The model depicted in Figure 6 fitted the data acceptably well: χ²[86] = 330.91, p = 0.000, CFI = 0. 947, RMSEA = 0.104, SRMR = 0.046 (bootstrap p-value for the χ²-test computed on a single dataset was 0.05; χ²[86] = 341.24). We attribute the rather high RMSEA statistic to the high average zero-order correlation and the high communalities in this analysis. Prior research shows that small correlations of residuals—indicating a decent fit of the model—might come along with indications of bad fit in terms of conventional criteria when the unique variances are small (Browne et al., 2002; Heene et al., 2011). Standardized loadings on the general factors were high (all above 0.74), and standardized loadings on the specific experimental factors were lower (as expected for nested factors) but substantial. The model allows for correlations between corresponding factors for both paradigms. All other correlations were theoretically not expected and were fixed to zero. Models in which these fixed correlations between latent factors were estimated freely resulted in small estimates not surpassing the conventional significance criterion. There was a moderate to strong correlation between the two general factors (E and S), r = 0.62 (p < 0.001; bootstrap estimates of the 95% CI from 0.49 to 0.78). However, the two conflict factors were completely unrelated: estimated r = 0.008 when modeling multiple datasets. The bootstrap estimate of the 95% CI based on a single dataset ranged between −0.21 and 0.18. Repetition priming factors between task paradigms were weakly correlated (r = 0.24). Due to the lack of latent variable correlations for the two conflict factors—which are of focal interest in their relation with WMC—and in order to keep model complexity relatively low, the relationships of cognitive-conflict factors with WMC and SM were studied in two separate structural equation models (SEM), one investigating the correlation of conflict in the Simon task with WMC and SM, and the other doing the same for conflict in the Eriksen task.
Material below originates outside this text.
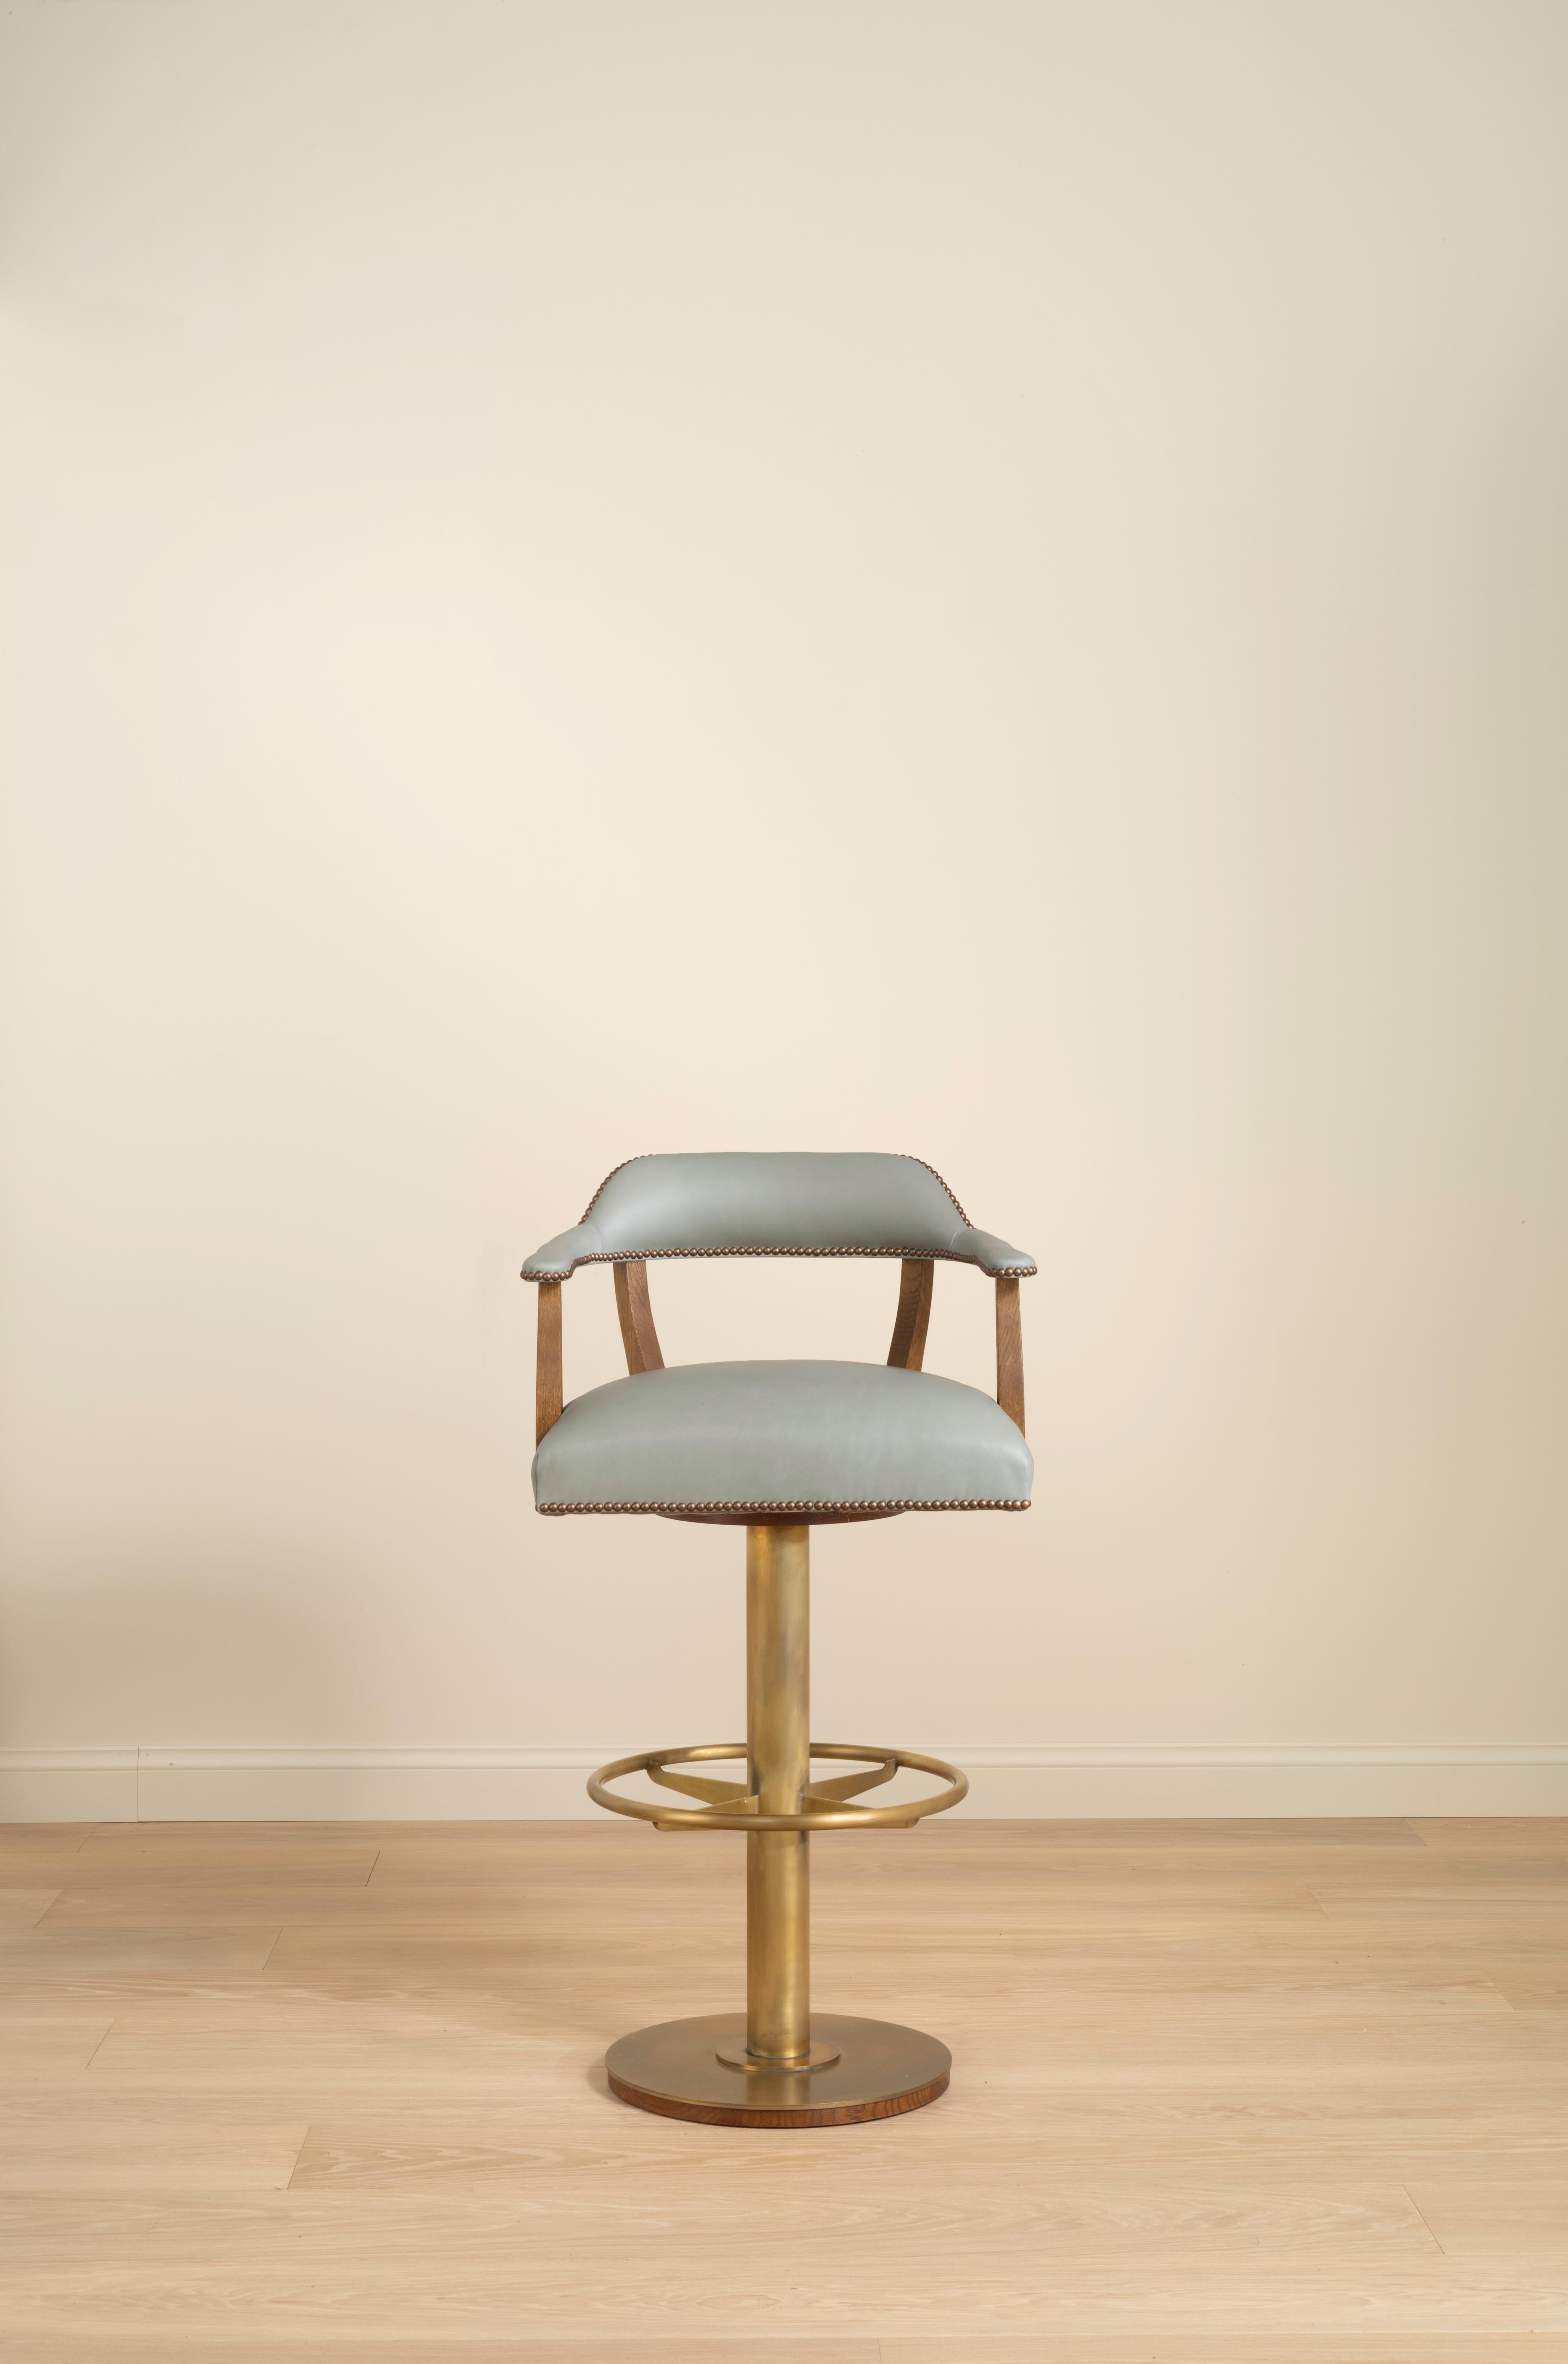 Inspiriert von unserem Croft-Stuhl wurde der Croft-Barhocker entwickelt, um dem Design Vielseitigkeit zu verleihen, so dass die Raffinesse der Oberflächen und der maßgeschneiderten Polsterung nahtlos vom Esszimmer in die Bar übergehen kann.

Working memory, secondary memory and response inhibition in the simon task

In Model 4b (Figure 7), the sub-structure of Model 4a describing individual differences in the Simon task was related to Model 3. The fit of this model was acceptable: χ²[201] = 438.72, p = 0.000, CFI = 0.950, RMSEA = 0.067, SRMR = 0.053 (bootstrap p-value for the χ²-test computed on a single dataset was 0.016; χ²[201] = 385.95). Factor loadings did not notably differ from those estimated in the measurement models (Model 3 and Model 4a). There were 6 correlations of interest estimated in this model: The general factor from the Simon task (S) was moderately correlated with WM (r = 0.35; bootstrap estimate of the 95% CI: 0.22–0.48) and with SM (r = 0.34; bootstrap estimate of the 95% CI: 0.20–0.48). No significant correlation was observed between the specific conflict factor (S RI) and WM (r = −0.13; p = 0.36) and SM (r = 0.06; p = 0.74). WM and SM were also unrelated to Repetition Priming (WM: r = 0.07; p = 0.37; SM: r = 0.11; p = 0.19).

FIGURE 7

Figure 7. Structural Equation Model testing the relationship of WM, SM and Response Inhibition un the Simon task (Model 4b). Binding, Updating, Recall 1-back (RNb) and Complex Span (Cspan); VN, Verbal-Numerical Content Factor; SM, Secondary Memory; PAsso, Learning Paired-Associations; _v, verbal indicators; _n, numerical indicators; _f, figural indicators; _lc, letter-color; _wn, word-number; _ll, location-letter; CS, Cspan indicators; S, General RT performance during the Simon task; S RI, Response Inhibition effect in the Simon task, S Rep, Repetition Priming during the Simon task; cC, compatible trials following compatible trials; iC, compatible trials preceded by incompatible trials; cI, incompatible trials following compatible trials; iI, incompatible trials preceded by incompatible trials; _id, identical (Repetition Priming); _ni, non-identical (Unprimed).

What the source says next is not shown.